Introspection (Agent Capabilities)
When exploring a new database, use these queries to understand the schema.
List All Tables
SELECT n.nspname AS schema,
c.relname AS table,
obj_description(c.oid) AS description
FROM pg_class c
JOIN pg_namespace n ON n.oid = c.relnamespace
WHERE c.relkind = 'r'
AND n.nspname NOT IN ('pg_catalog', 'information_schema')
ORDER BY 1, 2;
Get Table Columns & Types
SELECT a.attname AS column,
format_type(a.atttypid, a.atttypmod) AS type,
a.attnotnull AS not_null,
col_description(a.attrelid, a.attnum) AS comment
FROM pg_attribute a
WHERE a.attrelid = 'public.target_table_name'::regclass
AND a.attnum > 0
AND NOT a.attisdropped
ORDER BY a.attnum;
Reference: Data Querying (DQL)
Advanced Aggregations
- Filter clause:
count(*) FILTER (WHERE status = 'active') - Grouping sets:
GROUP BY GROUPING SETS ((brand), (brand, category), ()) - Any value:
any_value(col)(PG16+) returns an arbitrary value from the group.
Window Functions
Perform calculations across a set of table rows related to the current row.
SELECT dept,
emp_no,
salary,
-- Rank employees by salary within department
dense_rank() OVER (PARTITION BY dept ORDER BY salary DESC) AS rank,
-- Running total of salaries
sum(salary) OVER (
PARTITION BY dept
ORDER BY salary
ROWS BETWEEN UNBOUNDED PRECEDING AND CURRENT ROW
) AS running_total
FROM employees;
Pattern Matching
- LIKE:
col LIKE 'foo%'(simple wildcard). - ILIKE:
col ILIKE 'foo%'(case-insensitive). - SIMILAR TO:
col SIMILAR TO '[a-c]%'(SQL-regex style). - POSIX regex:
- Case-sensitive:
col ~ '^[a-z]+$' - Case-insensitive:
col ~* 'foo'
- Case-sensitive:
Reference: Data Modification (DML)
MERGE (Upsert / Conditional Ops)
Standard SQL method for inserting, updating, or deleting based on join conditions (PG15+).
MERGE INTO wine_stock ws
USING wine_shipments s
ON s.winery_id = ws.winery_id
AND s.year = ws.year
WHEN MATCHED THEN
UPDATE SET stock = ws.stock + s.count
WHEN NOT MATCHED THEN
INSERT (winery_id, year, stock)
VALUES (s.winery_id, s.year, s.count);
INSERT ... ON CONFLICT (Legacy Upsert)
Postgres-specific, often more concise for simple unique-key conflicts.
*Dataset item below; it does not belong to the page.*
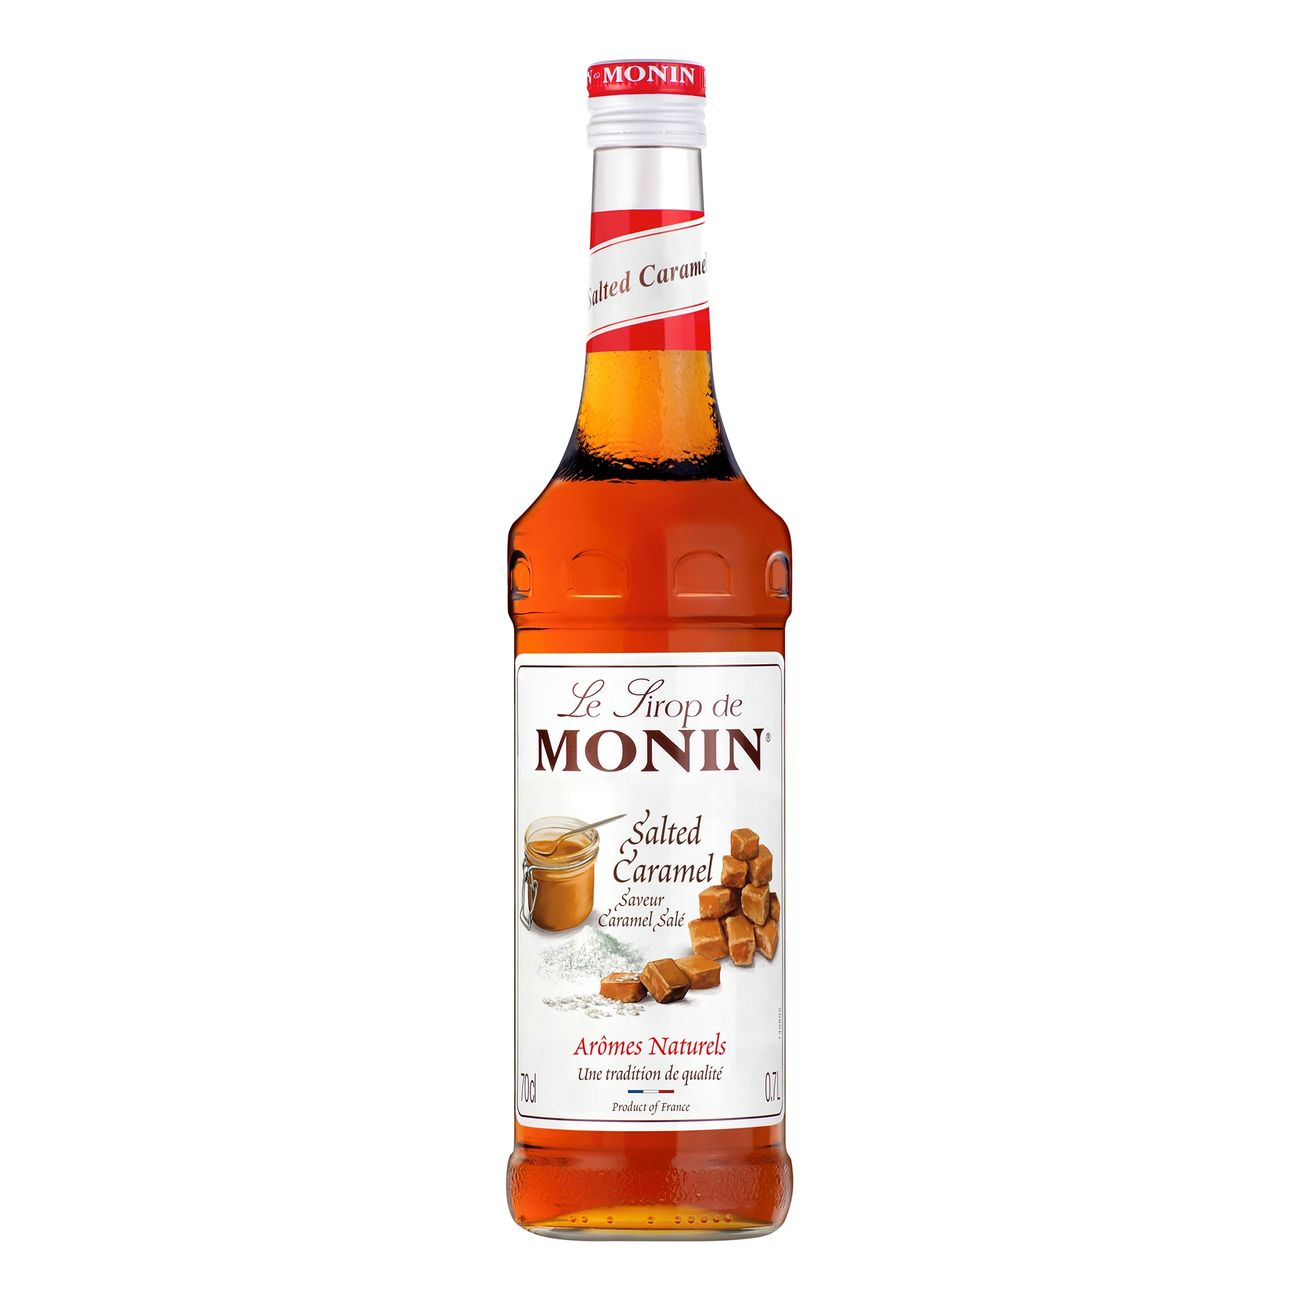 monin-salted-caramel-syrup-70677-3

INSERT INTO kv_store (key, value)
VALUES ('config', '{"a":1}')
ON CONFLICT (key)
DO UPDATE SET value = EXCLUDED.value;
RETURNING Clause
Return data from modified rows immediately.
DELETE FROM archived_logs
WHERE created_at < NOW() - INTERVAL '1 year'
RETURNING id, created_at;
Reference: Special Data Types
JSONB (Binary JSON)
Prefer jsonb over json for storage and indexing.
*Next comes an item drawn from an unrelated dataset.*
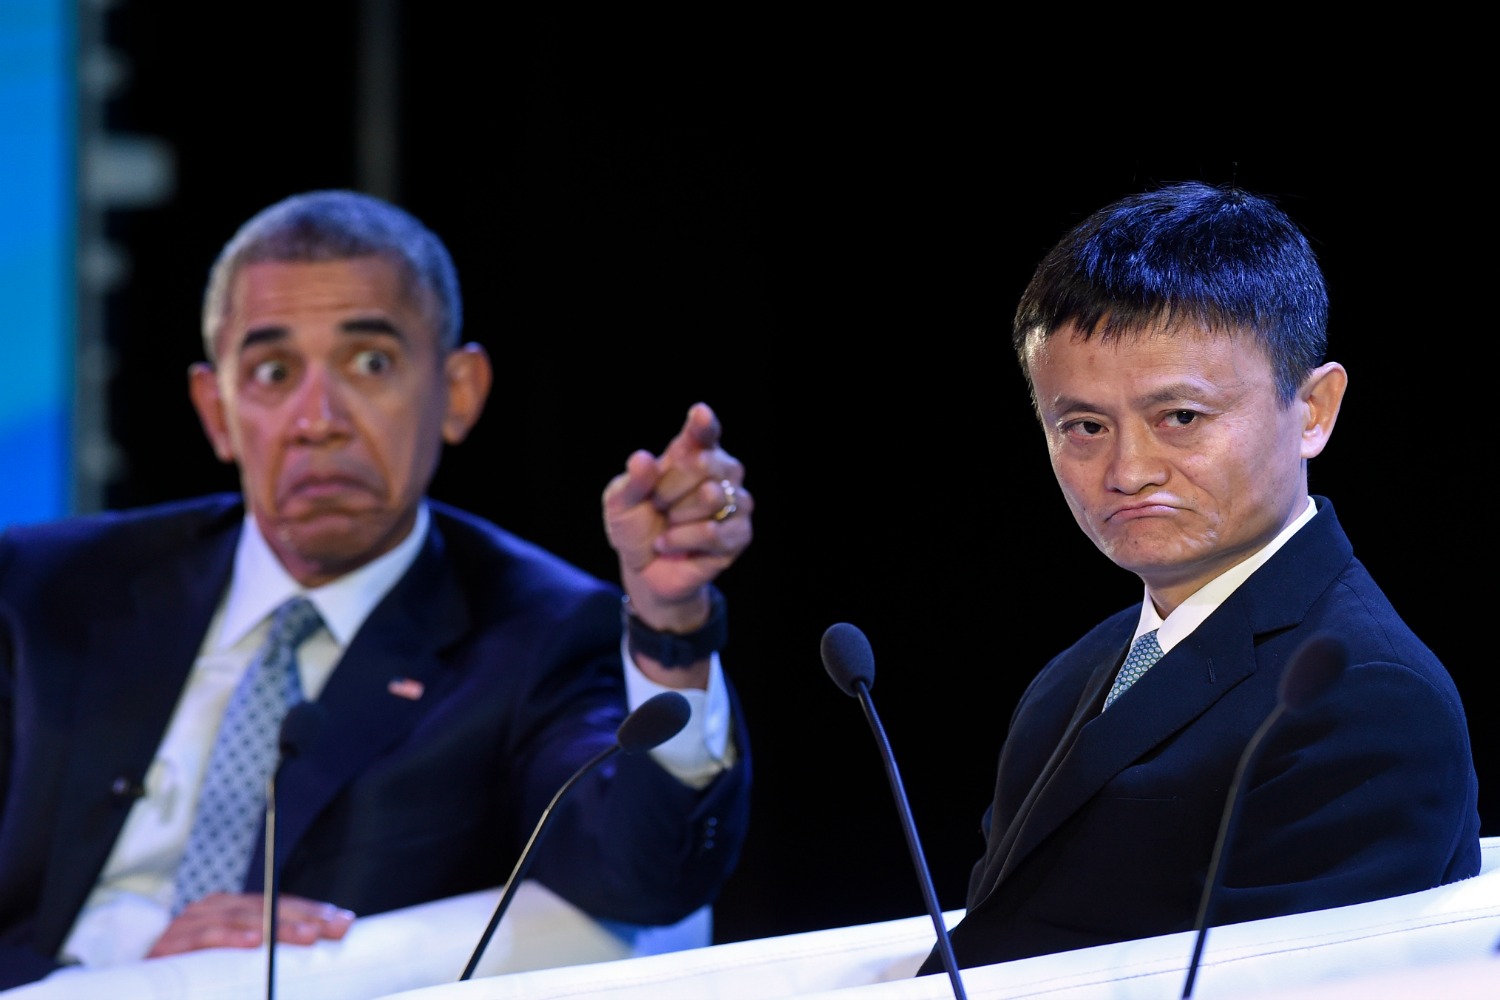 Obama interviews Alibaba founder

| Operator | Description | Example |
|---|---|---|
-> / ->> |
Get element (JSON / text) | data->'key' |
@> |
Contains (indexable) | data @> '{"tag": "urgent"}' |
? |
Key exists | data ? 'error' |
#- |
Delete path | data #- '{info, sensitive}' |
SQL/JSON path (PG12+):
-- Find all items with price > 10
SELECT jsonb_path_query(data, '$.items[*] ? (@.price > 10)')
FROM orders;
Arrays
SELECT ARRAY[1,2,3]; -- Creation
SELECT (ARRAY[1,2,3])[1]; -- Access (1-based index)
SELECT 1 = ANY(arr_col); -- Check if value exists in array
SELECT unnest(arr_col) FROM t; -- Expand array to rows
Range Types
Useful for scheduling and validity periods.
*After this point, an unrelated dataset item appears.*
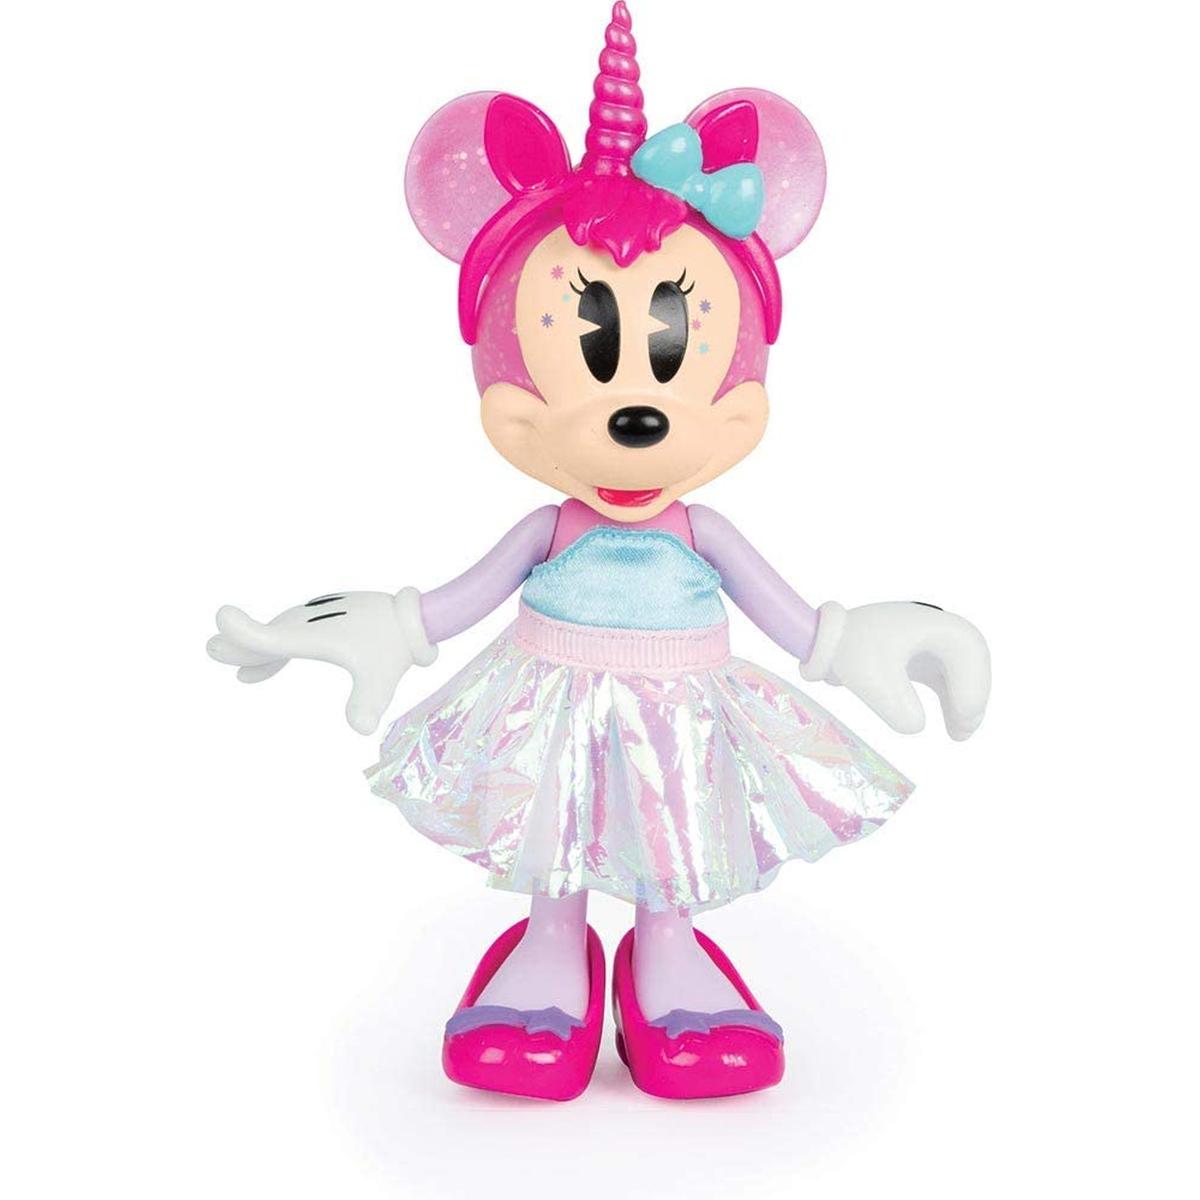 Minnie Mouse - Boneca Minnie Fashion Rainbow Glow | MINNIE MOUSE. CAT 54 |  Loja de brinquedos e videojogos Online Toysrus

tstzrange: timestamp with time zone range.int4range,daterange: integer and date ranges.- Overlap operator (
&&): checks if two ranges overlap.
SELECT *
FROM reservations
WHERE duration && tstzrange('2023-01-01 10:00', '2023-01-01 12:00');
Reference: System Administration & Stats
Kill Long-Running Query
SELECT pg_terminate_backend(pid)
FROM pg_stat_activity
WHERE state = 'active'
AND pid <> pg_backend_pid()
AND query_start < NOW() - INTERVAL '5 minutes';
Check Table Size (Disk Usage)
SELECT relname,
pg_size_pretty(pg_total_relation_size(relid)) AS total_size,
pg_size_pretty(pg_relation_size(relid)) AS data_size
FROM pg_catalog.pg_statio_user_tables
ORDER BY pg_total_relation_size(relid) DESC;
Examples
Scenario 1: Recursive CTE for Graph/Tree Data
Navigating an organizational hierarchy.
WITH RECURSIVE subordinates AS (
-- Base case: the manager
SELECT employee_id, manager_id, full_name, 0 AS level
FROM employees
WHERE employee_id = $1
UNION ALL
-- Recursive step: direct reports
SELECT e.employee_id, e.manager_id, e.full_name, s.level + 1
FROM employees e
INNER JOIN subordinates s ON s.employee_id = e.manager_id
)
SELECT *
FROM subordinates;
Scenario 2: Lateral Join for "Top N per Category"
Efficiently getting the latest 3 posts for each user.
SELECT u.username, p.title, p.created_at
FROM users u
CROSS JOIN LATERAL (
SELECT title, created_at
FROM posts
WHERE user_id = u.id
ORDER BY created_at DESC
LIMIT 3
) p
WHERE u.status = 'active';
Scenario 3: Full Text Search with Ranking
Searching a blog table.
SELECT id,
title,
ts_rank(to_tsvector('english', title || ' ' || content), query) AS rank
FROM articles,
to_tsquery('english', 'postgres | optimization') query
WHERE to_tsvector('english', title || ' ' || content) @@ query
ORDER BY rank DESC;